UK & World News
US Offers Iraq 'Intense And Sustained' Support
US support for Iraq's security forces battling a militant insurgency will be "intense and sustained", John Kerry has said.
Speaking after meeting Nouri al Maliki in Baghdad, the US Secretary of State said Iraq's embattled PM had reaffirmed his commitment to forming a new government by July 1.
"This is a critical moment for Iraq's future, Mr Kerry said at a news conference in Baghdad. "It is a moment of decision for Iraq's leaders and it's a moment of great urgency."
The pair met for 90 minutes, with Iraq's Shia leader again urging America to target Sunni militant positions in Iraq and Syria with airstrikes, according to officials.

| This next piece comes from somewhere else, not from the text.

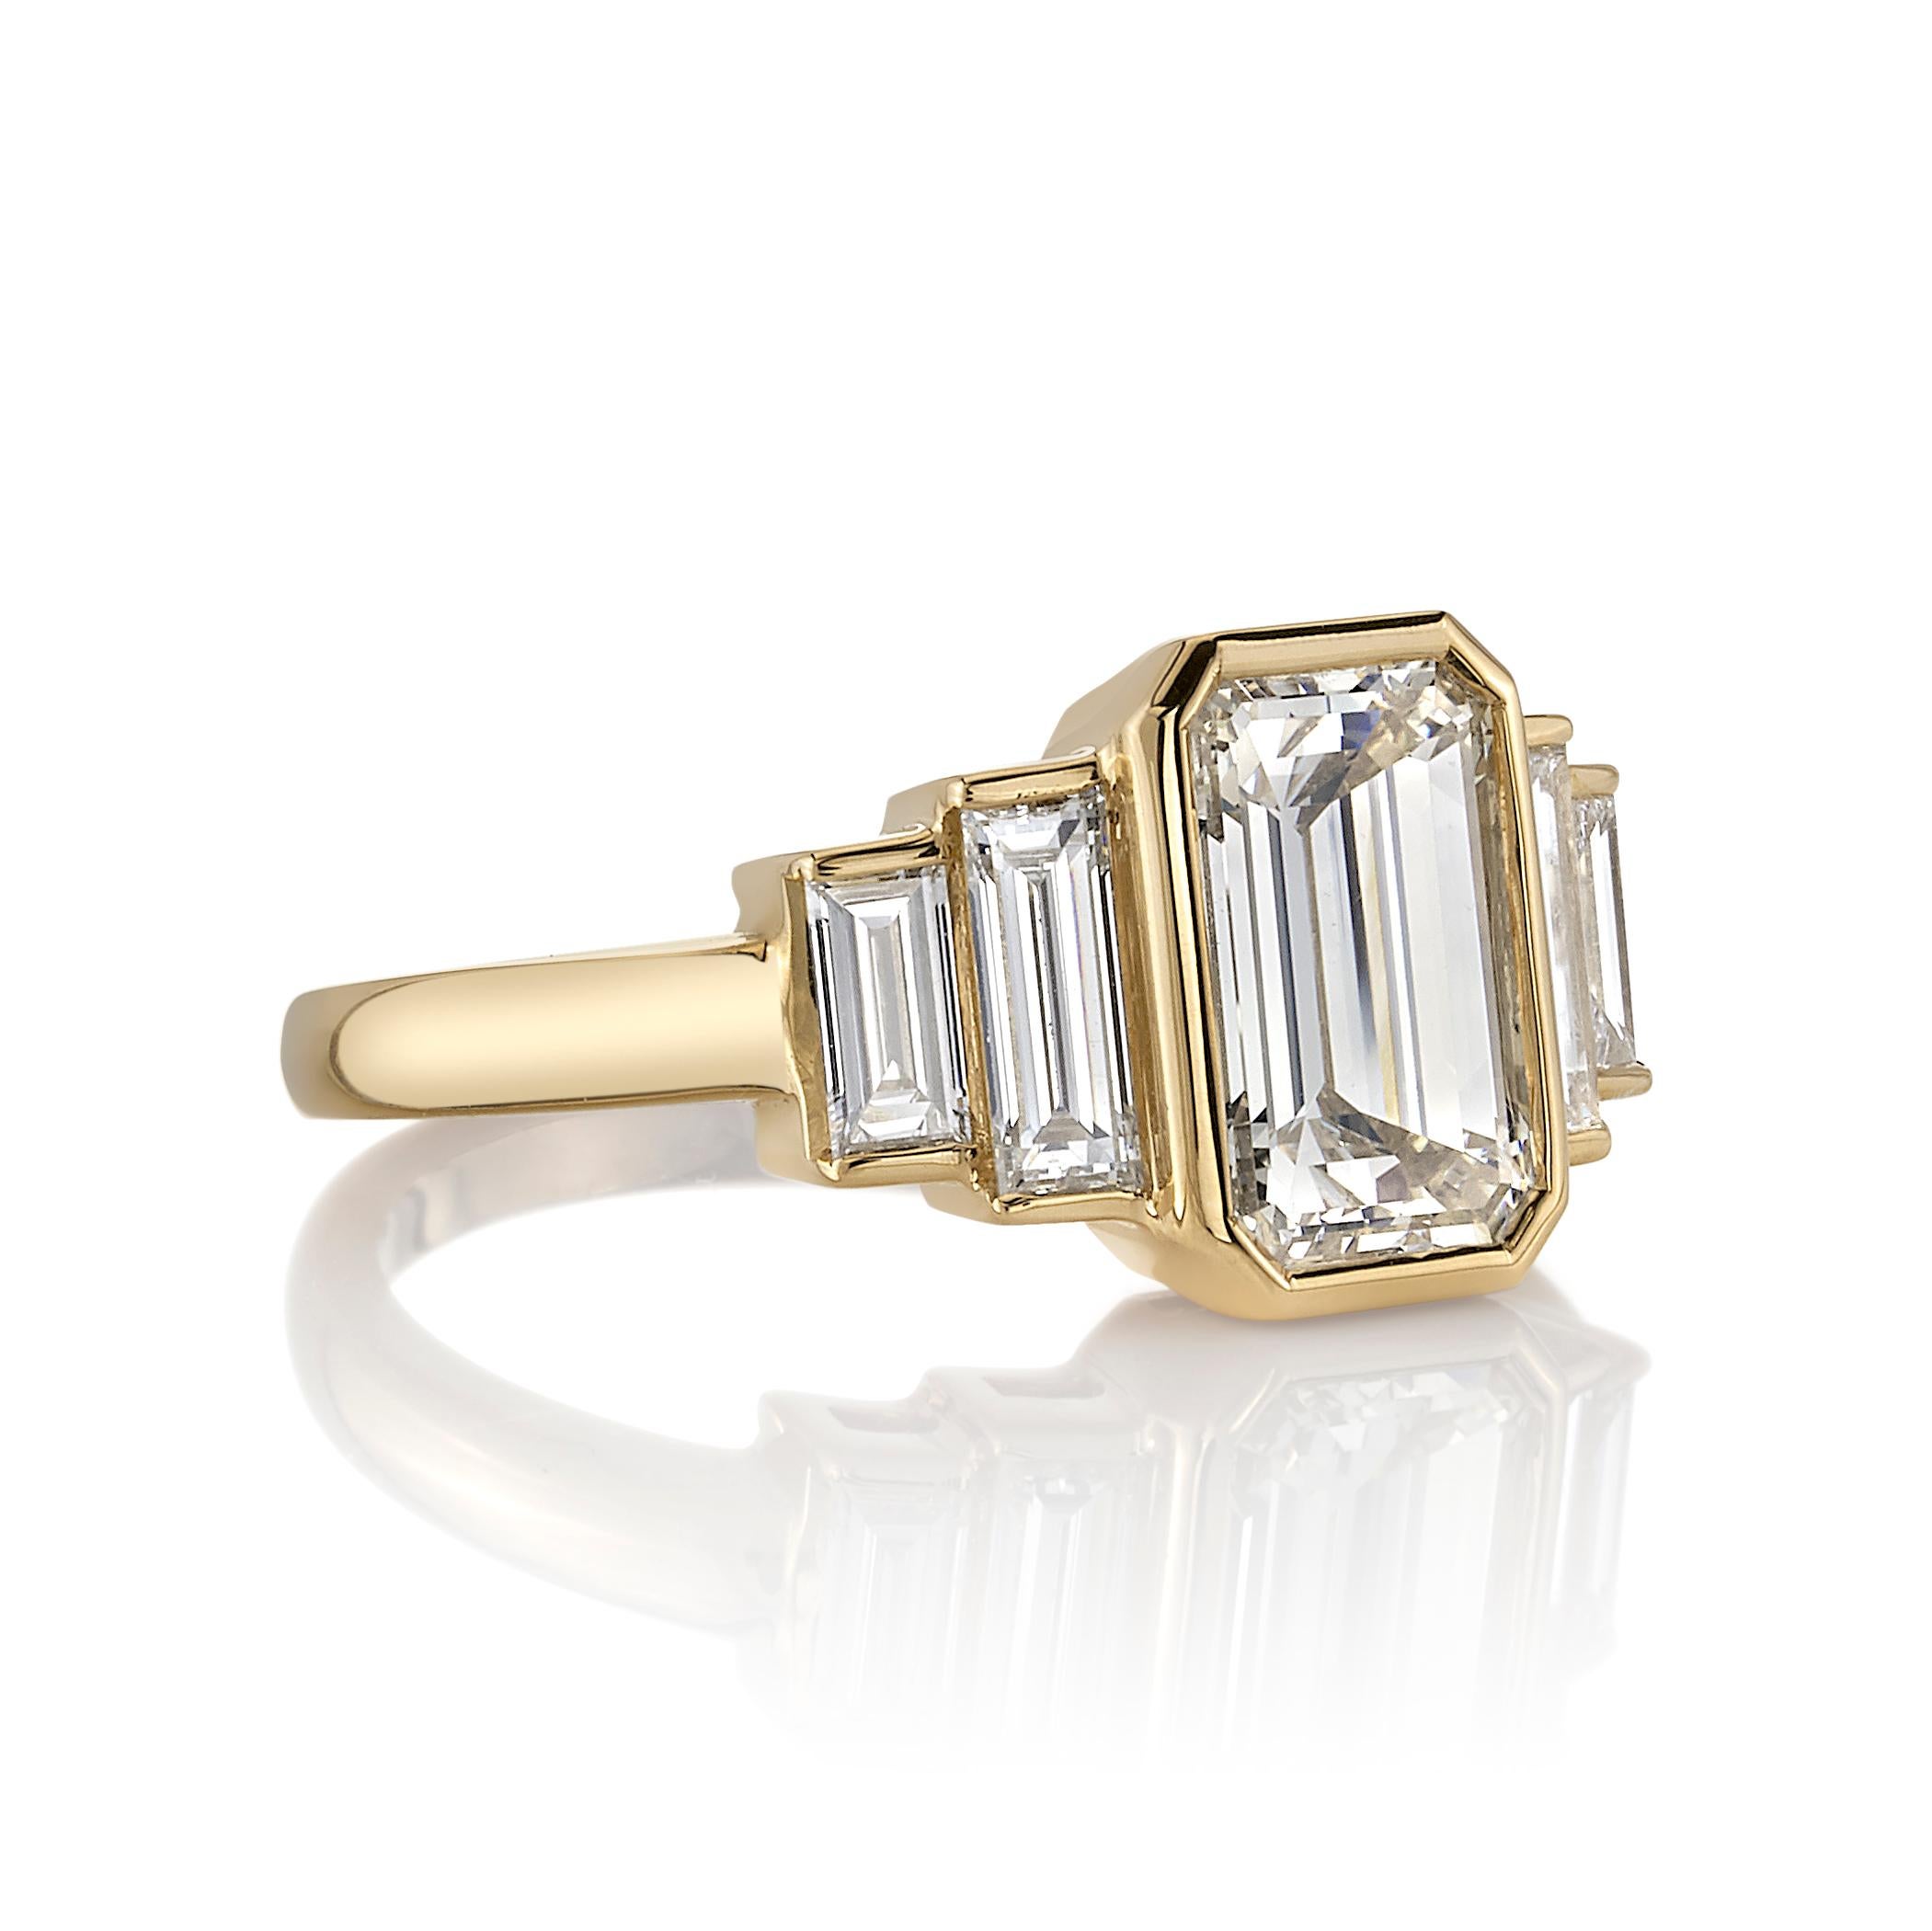 1.74ctw N/VS2 GIA certified Emerald cut diamond set in a handcrafted 18K yellow gold ring.

Ring is currently a size 6 and can be sized to fit.

Mr Kerry reportedly responded by saying the US needed to take care to avoid civilian casualties before any attacks are launched - to avoid creating an impression that America is targeting Sunnis.
Mr Kerry also urged the Iraqi PM to hand more government power to political opponents in a bid to quell the ISIS insurgency sweeping across the country.
The meeting was expected to be tense after Washington officials floated the idea that the divisive Mr al Maliki might resign as a first step towards peace.
But Mr Kerry appeared encouraged by the talks, saying "that was good" as he walked to his motorcade.
Ahead of Mr Kerry's visit, Barack Obama warned that the Islamic State in Iraq and Syria (ISIS), which is carrying out a lightning offensive in Iraq, could grow in power, destabilise the region and pose a threat to the US.
Mr Obama said: "Right now the problem with ISIS is the fact that they're destabilising the country. That could spill over into some of our allies like Jordan."
The American president spoke hours after the Islamist militants made dramatic gains by capturing four towns in western Iraq on Sunday.
Haditha, Anah, Rawa and Rotba - along with a number of villages - were taken as the swept east from the Syrian border, where it captured a border crossing on Saturday, in its latest offensive.
The group was also reported to have seized two more border crossings - the Turaibil crossing with Jordan and the al Walid crossing with Syria.
Speaking from Baghdad, Sky's Foreign Affairs Editor Sam Kiley said the militants' rapid grab of power "is very significant as it appears the Iraqi army has folded up without a fight.
He said: "These are major strategic prizes, not necessarily big towns but all of them on the main route to Syria and on the Euphrates river."
Kiley said the big prize appears to be Haditha, which contains an important power-generating plant for Baghdad.
Dozens of Iraqi tanks, armoured vehicles and special forces troops were being sent to Haditha in an attempt to regain control and protect a dam across the Euphrates, according to Sky sources.
ISIS had already taken control of the cities of Fallujah and Ramadi in predominantly Sunni Anbar province before it seized Iraq's second city Mosul, and Baiji, home to the country's largest oil refinery, in an aggressive offensive in the north.
The crisis is already having an impact worldwide, hitting airlines and travel companies as oil prices rise sharply.
Young Iraqis have been flocking to recruitment centres at the weekend to join the counter-offensive against ISIS. According to official records, some two million young men have volunteered in the past seven days.